- [Task objective] Give back every line of the material below exactly, but no images.

- [Dataset excerpt]
···
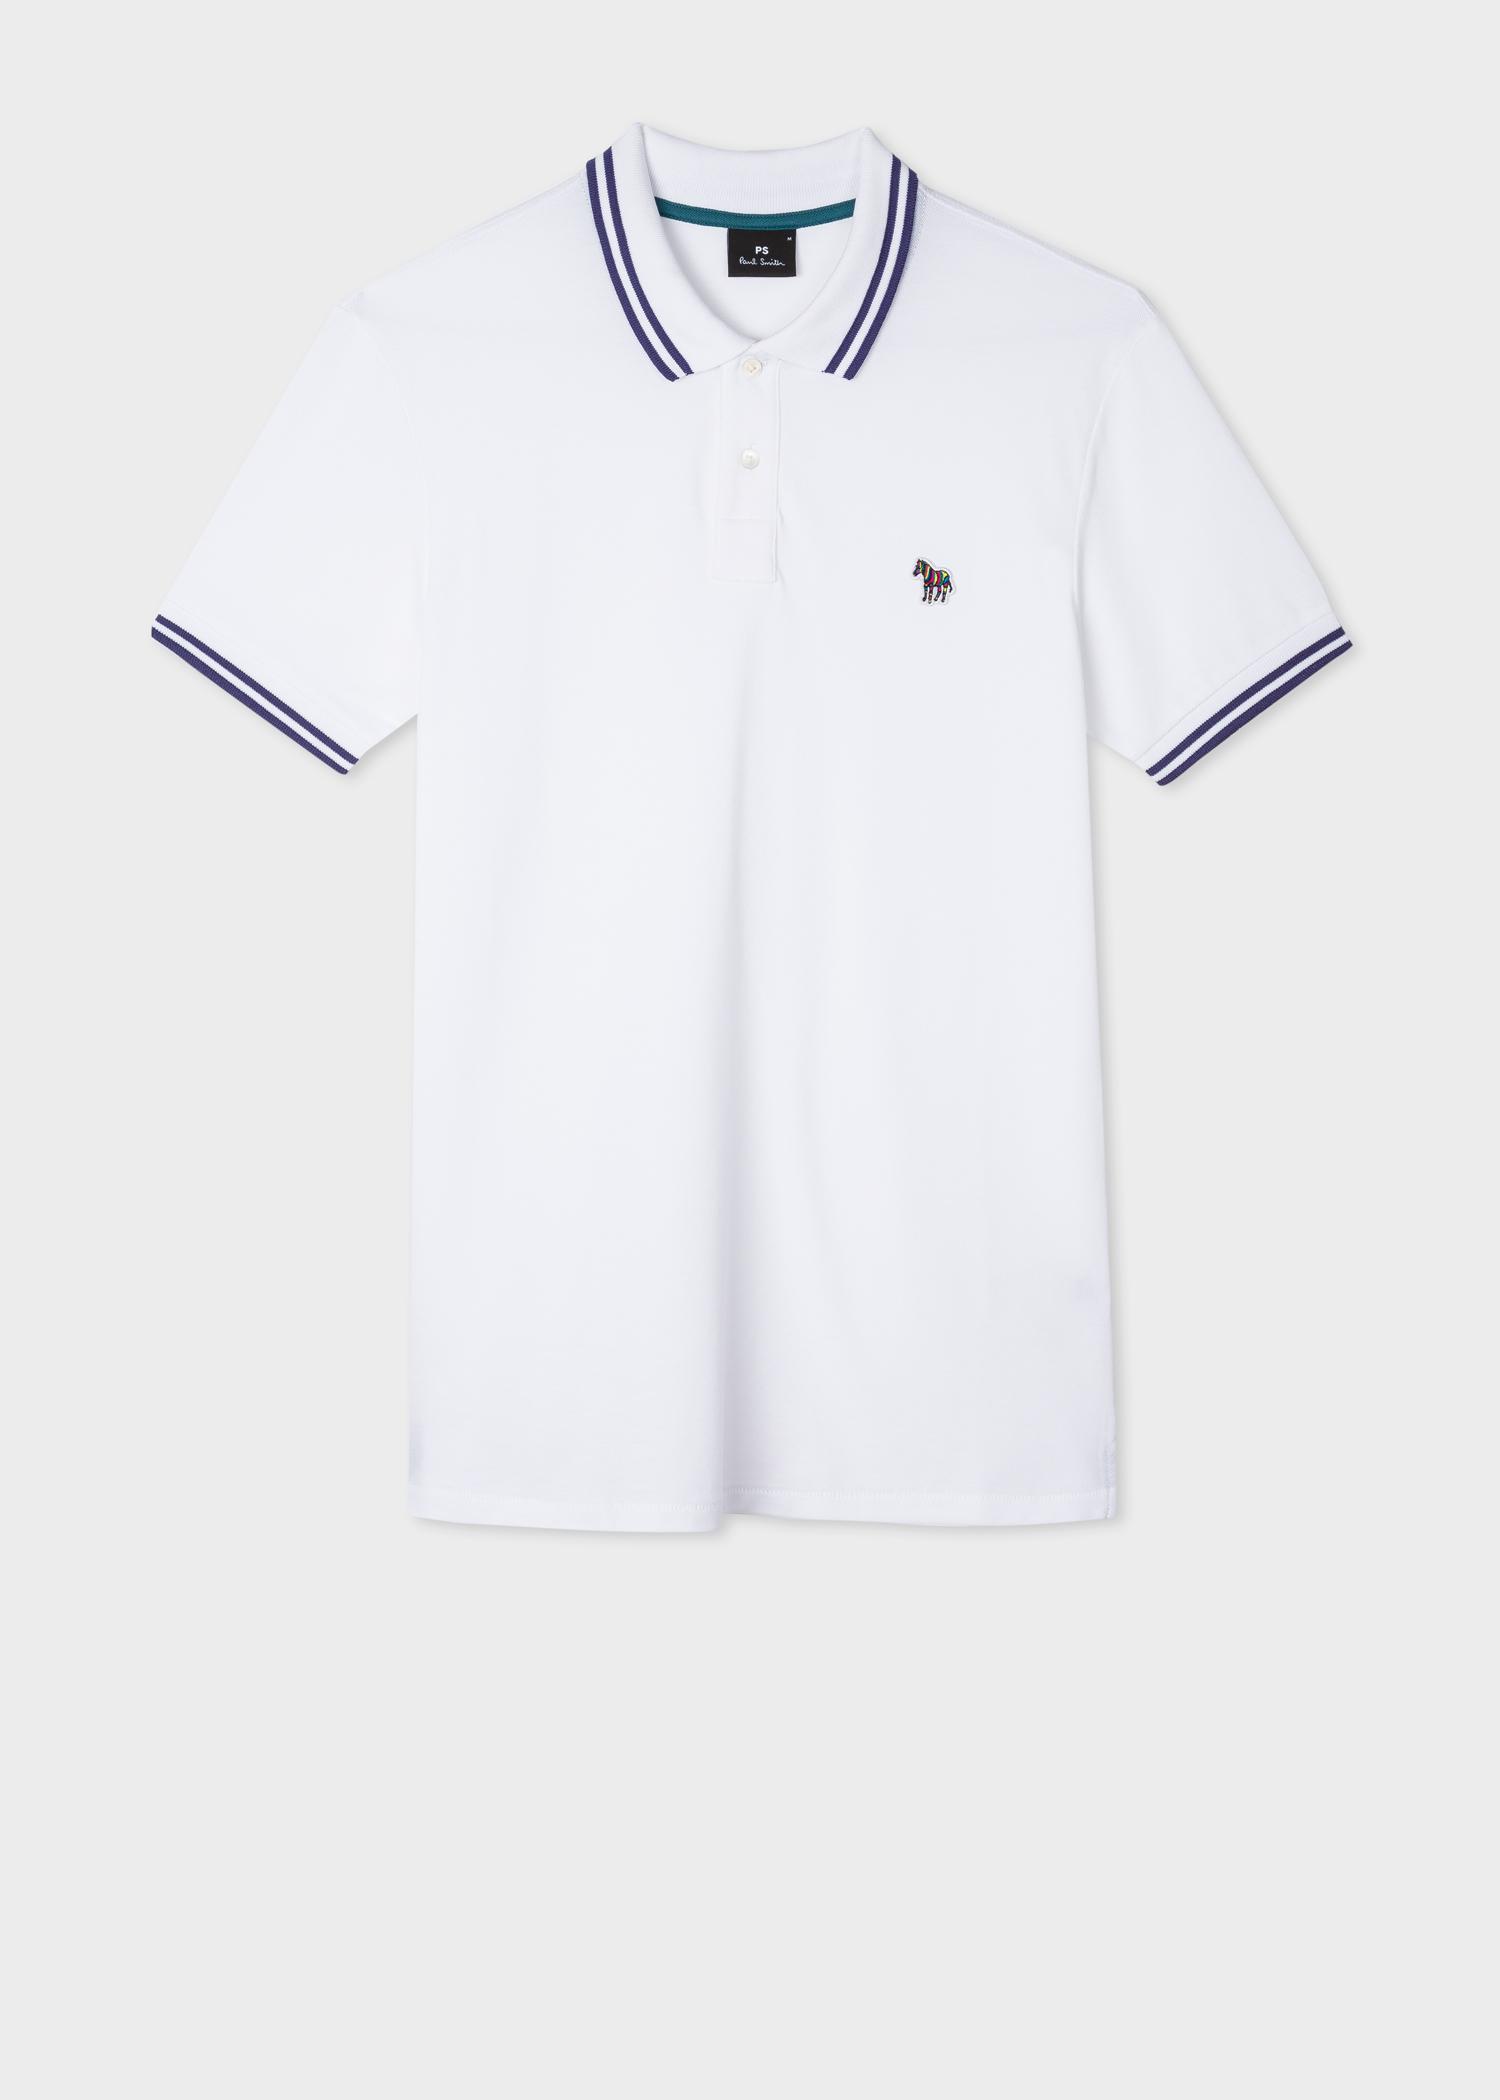 Men's Slim-Fit White Zebra Logo Cotton Polo Shirt With Navy Tipping
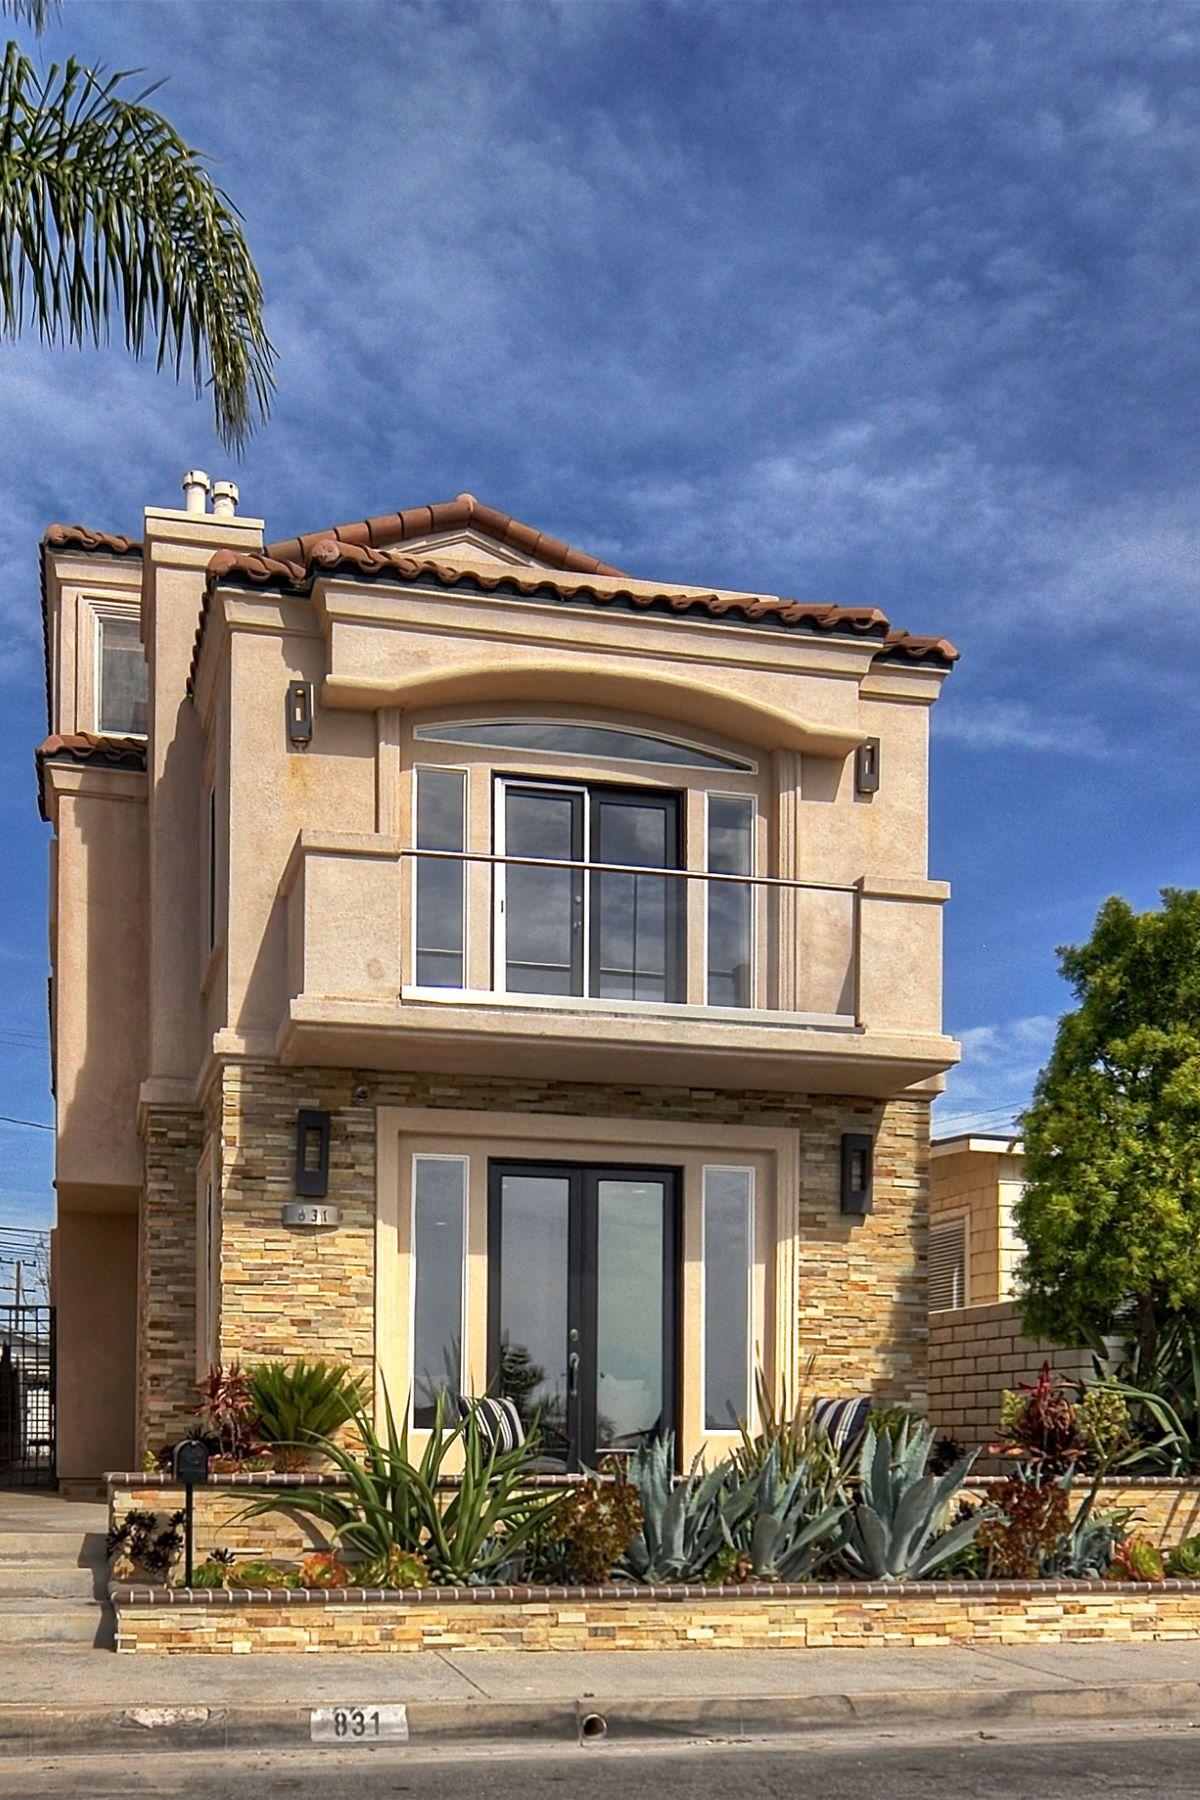 Single Family Home for Sale at 831 Frankfort Avenue Huntington Beach, California, 92648 United States
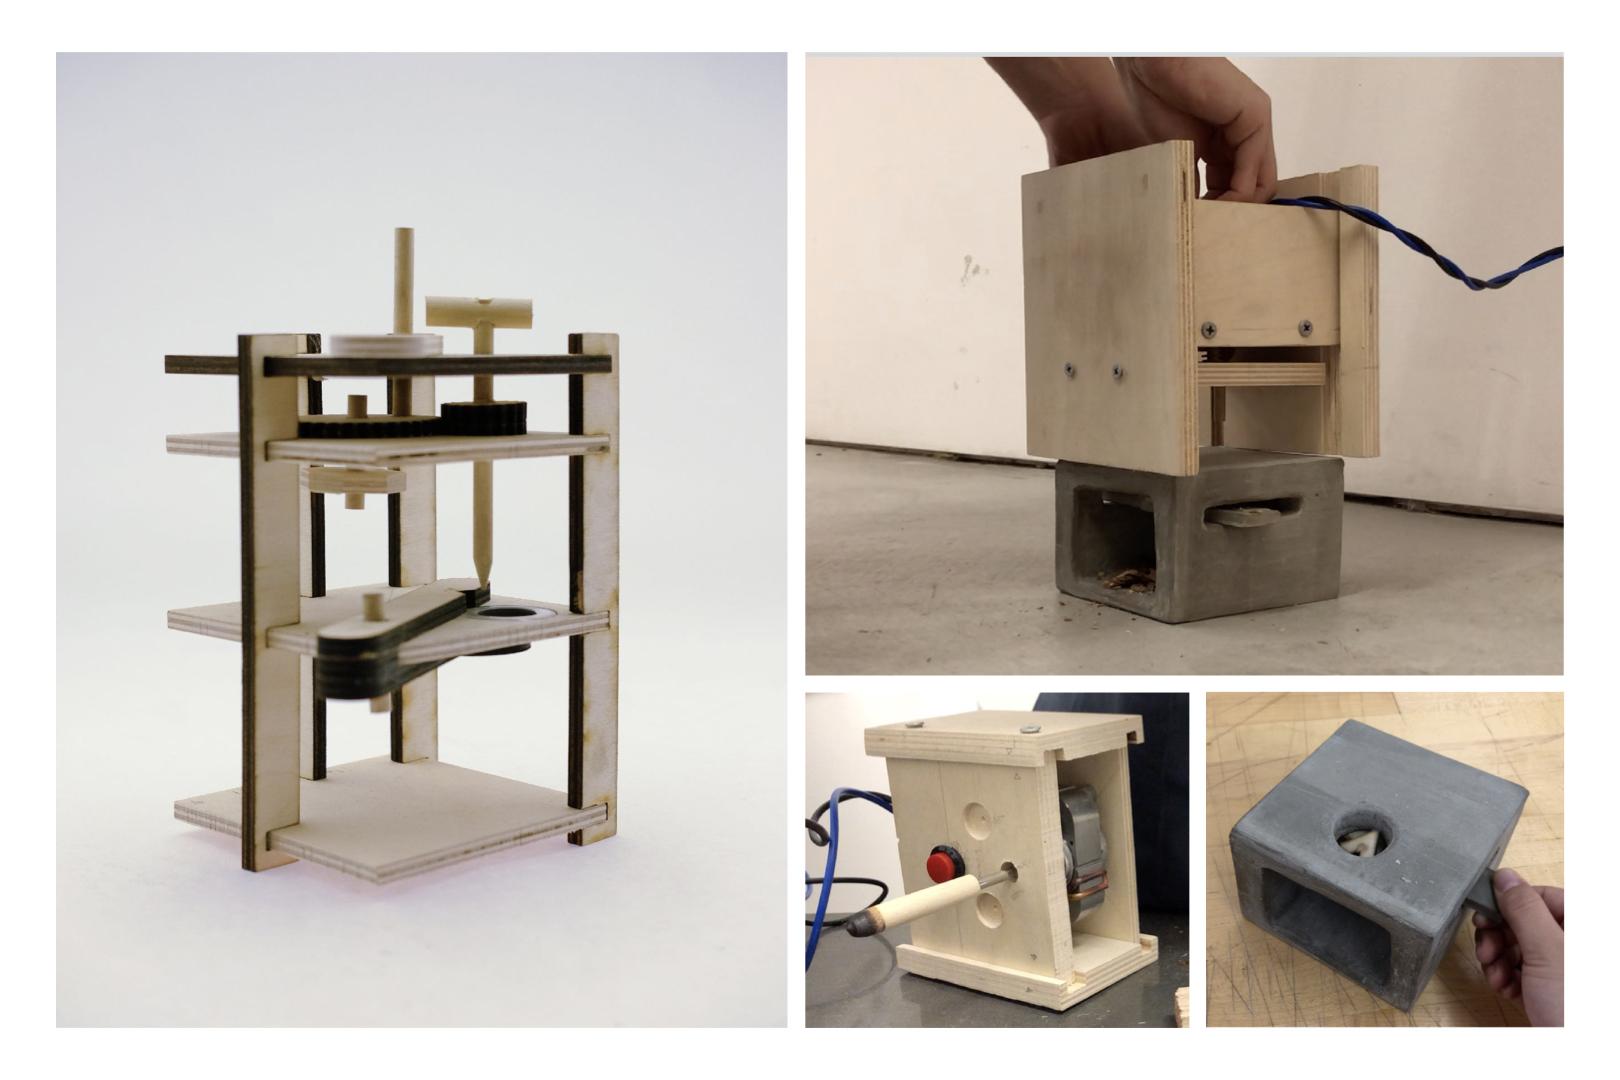 fire-starter-prototypes
···
- [Answer to the problem]
 Men's Slim-Fit White Zebra Logo Cotton Polo Shirt With Navy Tipping
 Single Family Home for Sale at 831 Frankfort Avenue Huntington Beach, California, 92648 United States
 fire-starter-prototypes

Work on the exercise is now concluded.